Wednesday, July 22, 2020

Review: The Last Chance Hotel by Nicki Thornton

I recently posted my review of THE LAST CHANCE HOTEL by Nicki Thornton on my library's Facebook page:

THE LAST CHANCE HOTEL is the first book in the Seth Seppi series. We meet Seth, who is to all intents and purposes an orphan, working as a kitchen boy/general dogsbody to the Bunn family who run the Hotel. He is bullied mercilessly by their awful daughter Tiffany who is supposedly training to be a chef.

There is a grand event being held at the Hotel and Tiffany tricks Seth into making a dessert which is unsuitable for the main guest so Seth quickly rustles up an alternative and labels it for the main guest’s consumption only.

So when the main guest dies of apparent poisoning after sampling their special dessert, Seth is immediately the main and only suspect.

It is then Seth discovers that his cat, Nightshade, can talk and that magic is real. The main thing going for him is that the main detective doesn’t seem to think that Seth did it. Can Seth clear his name? And what else doesn’t he know about his home and its residents?

With its short chapters this is a quick read, and combines a locked-room-style mystery with Harry Potter-style magic. As well as a death there are a few punch-up scenes during the thrilling finale which might steer this to a slightly older children’s audience eg 9+ years.

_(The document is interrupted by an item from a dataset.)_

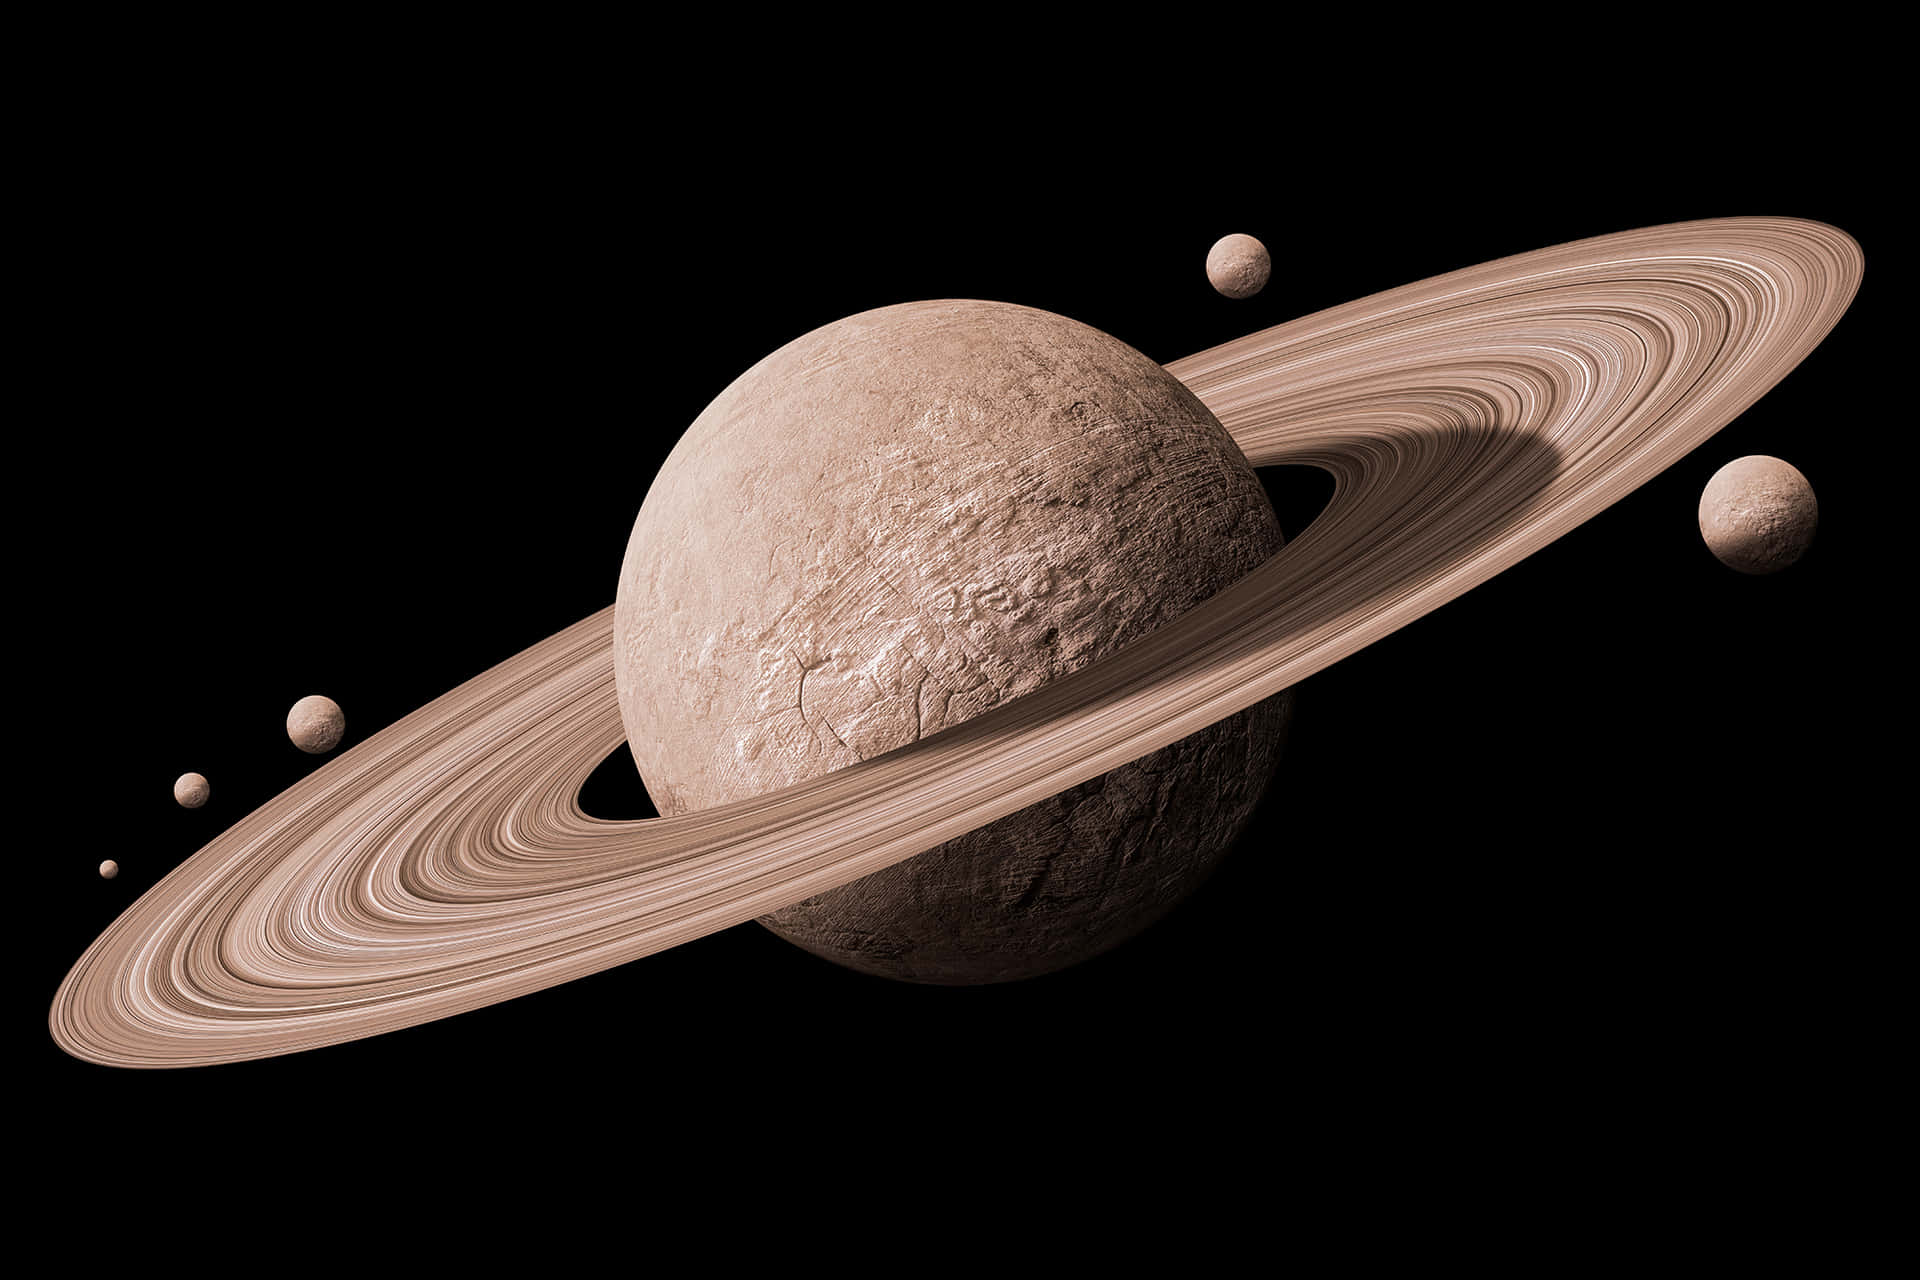 Saturn's beautiful rings from afar

THE LAST CHANCE HOTEL won the Times/Chicken House Children’s Fiction Competition in 2016.

Tuesday, May 19, 2020

Review: Orion Lost by Alastair Chisholm

I recently posted my review of ORION LOST my library's Facebook page:

ORION LOST by Alastair Chisholm is set on Orion, a colony spaceship leaving Earth and heading for the planet Eos Five, far far away. The story is told from the point of view of Beth who is thirteen. Her mum is an officer aboard the ship and her dad is also employed on the ship, as a farmer. Beth is training to be an officer herself and soon makes friends with her classmates with the exception of Vihaan, the arrogant son of Orion’s Captain, and his bullying friend Arnold.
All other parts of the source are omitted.